■ Task description ■
Images in the data are to be skipped, while every line is restated exactly as written.

■ Given data ■
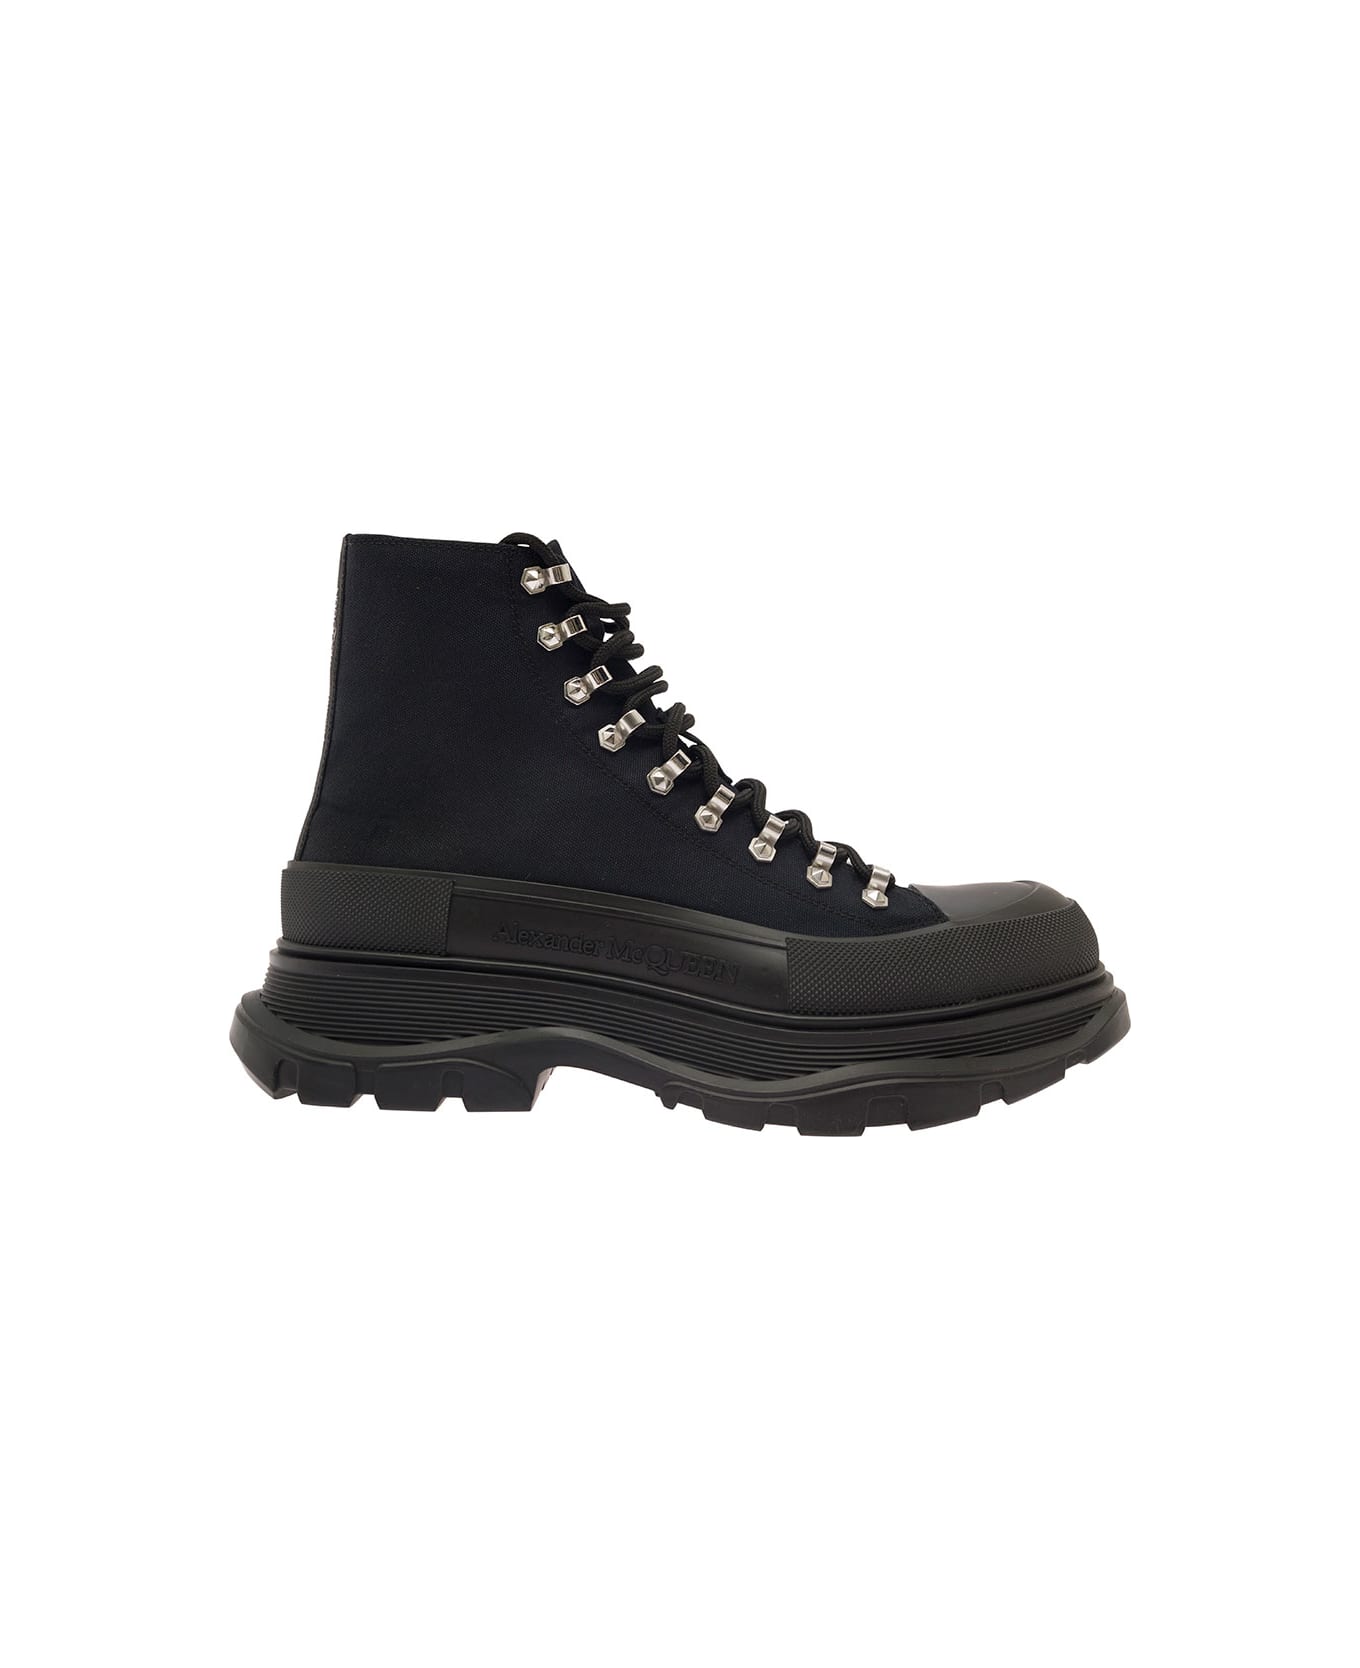 Alexander McQueen 'trade Slick' Black Lace-up Boots With Thread Sole In Canvas Man - Black
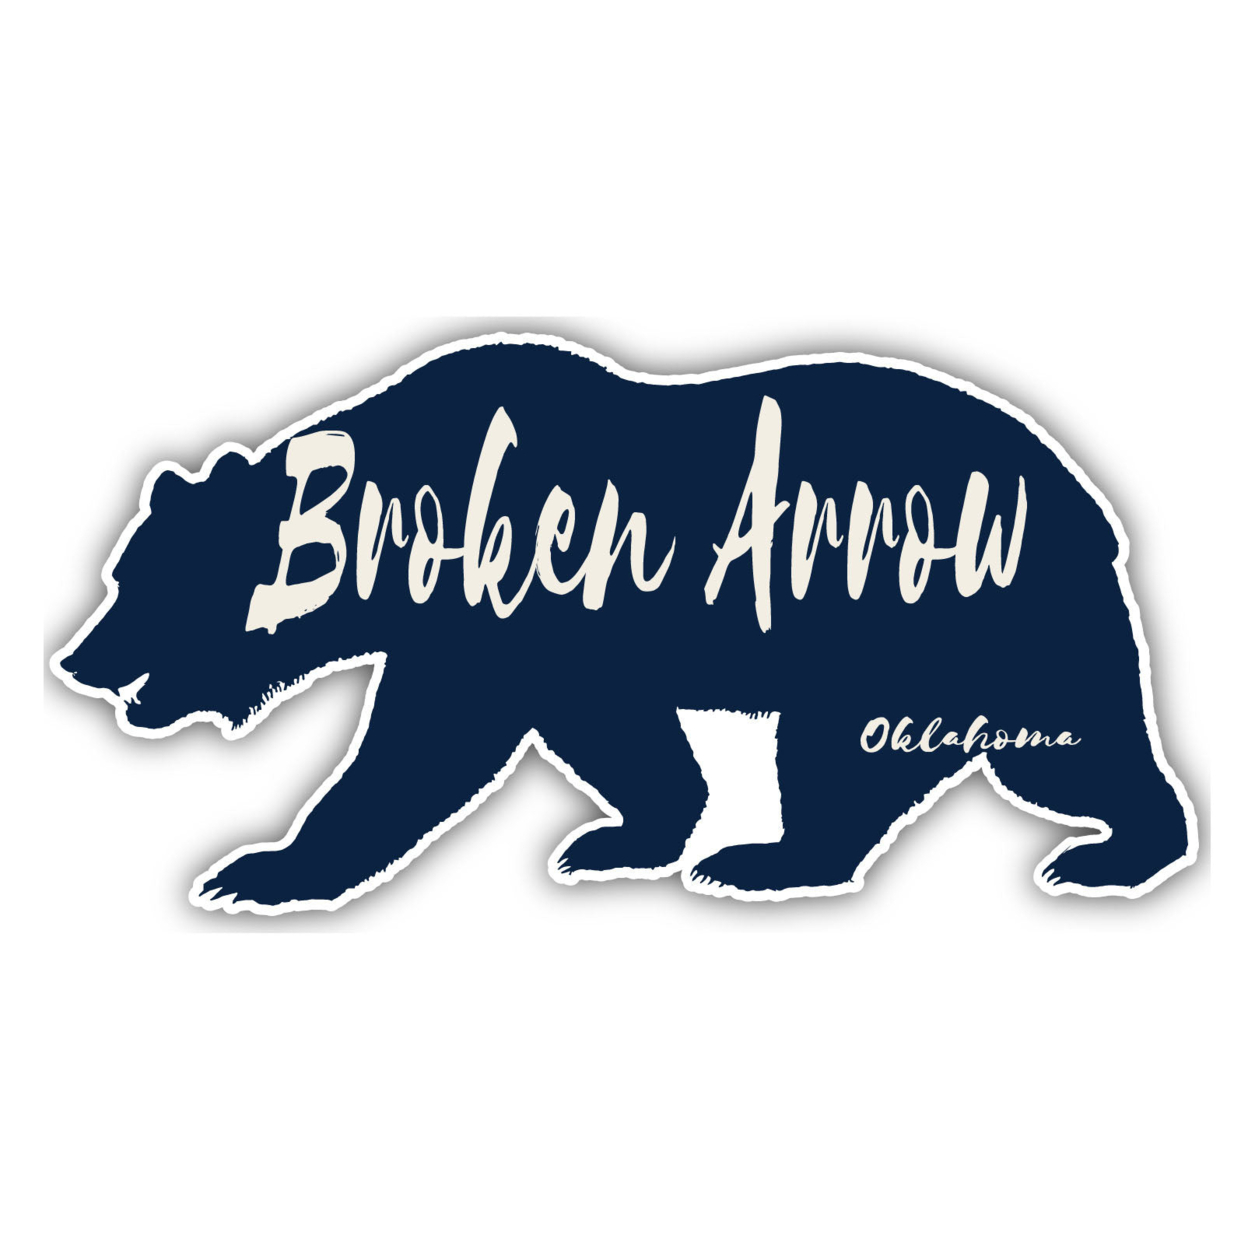 Broken Arrow Oklahoma Souvenir Decorative Stickers (Choose Theme And Size) - 4-Pack, 4-Inch, Great Outdoors
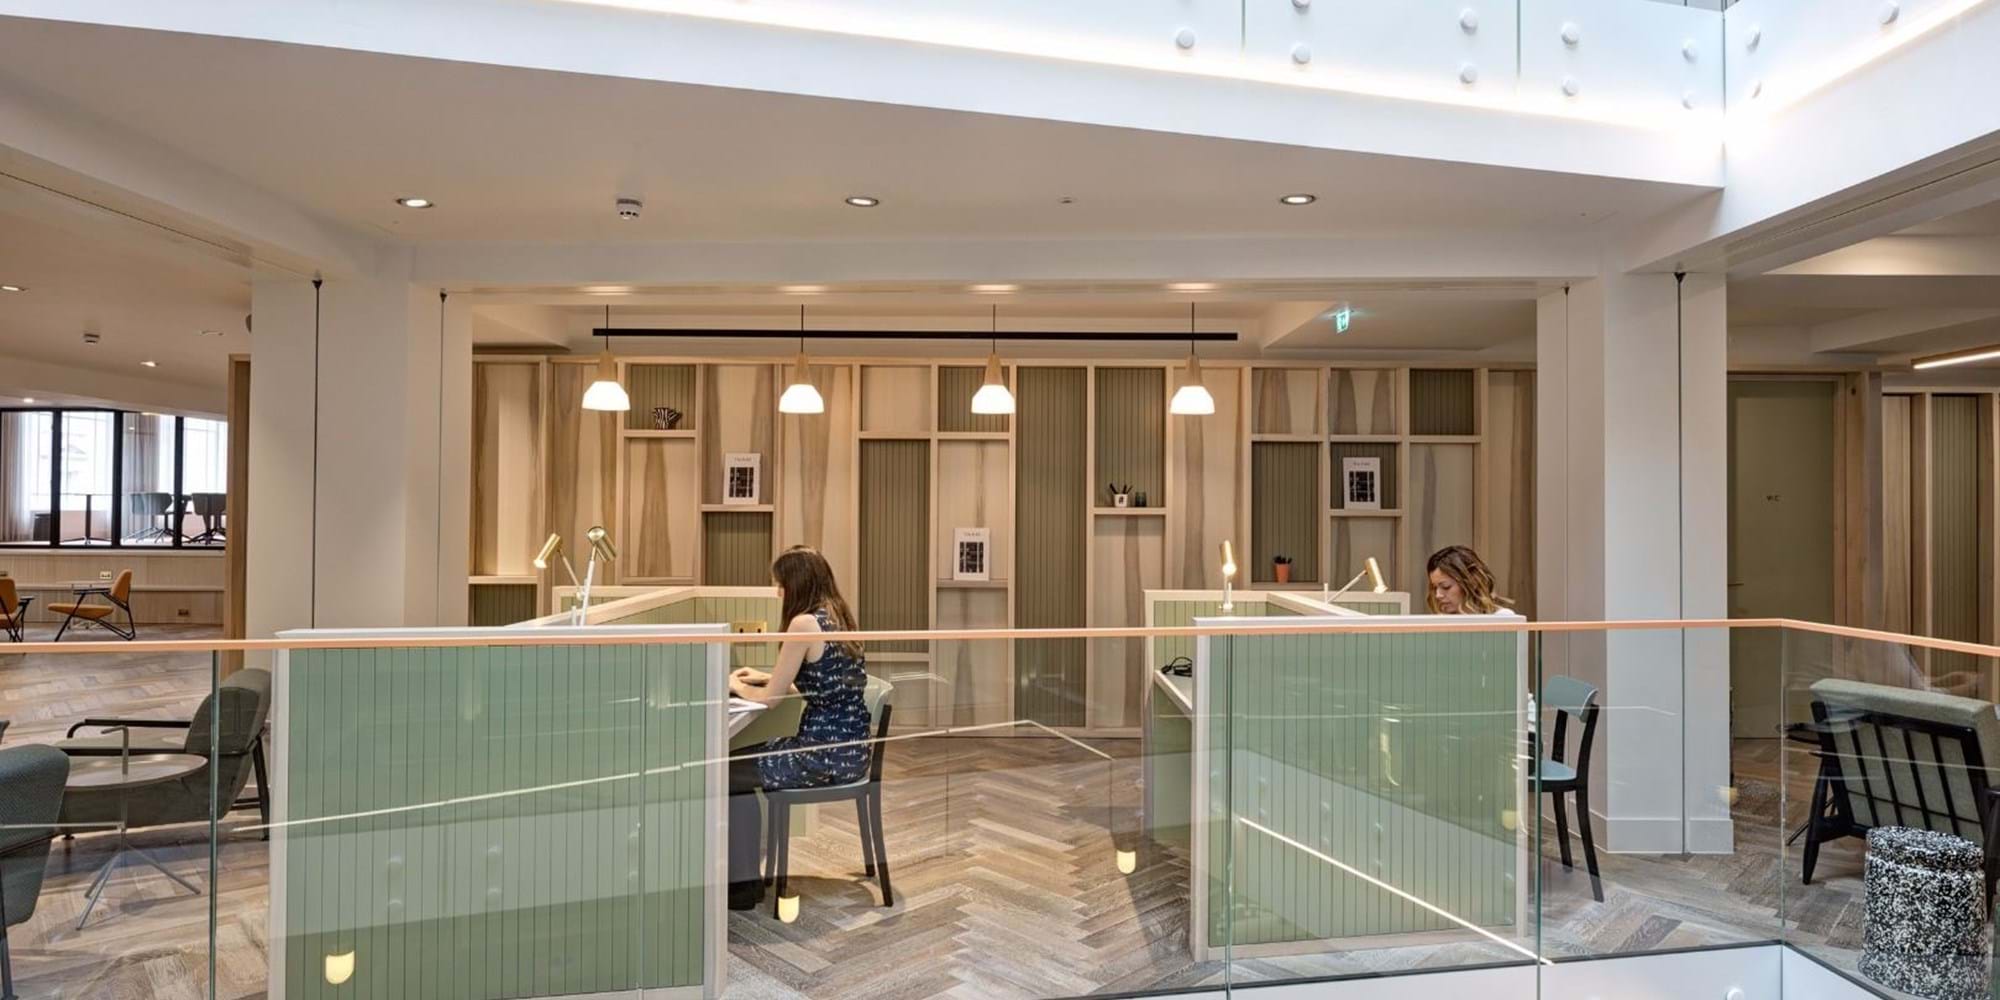 Modus Workspace office design, fit out and refurbishment - TOG - Wimpole Street - TOG Wimpole St 13 highres sRGB.jpg

■ Answer box ■
 Alexander McQueen 'trade Slick' Black Lace-up Boots With Thread Sole In Canvas Man - Black
 Broken Arrow Oklahoma Souvenir Decorative Stickers (Choose Theme And Size) - 4-Pack, 4-Inch, Great Outdoors
 Modus Workspace office design, fit out and refurbishment - TOG - Wimpole Street - TOG Wimpole St 13 highres sRGB.jpg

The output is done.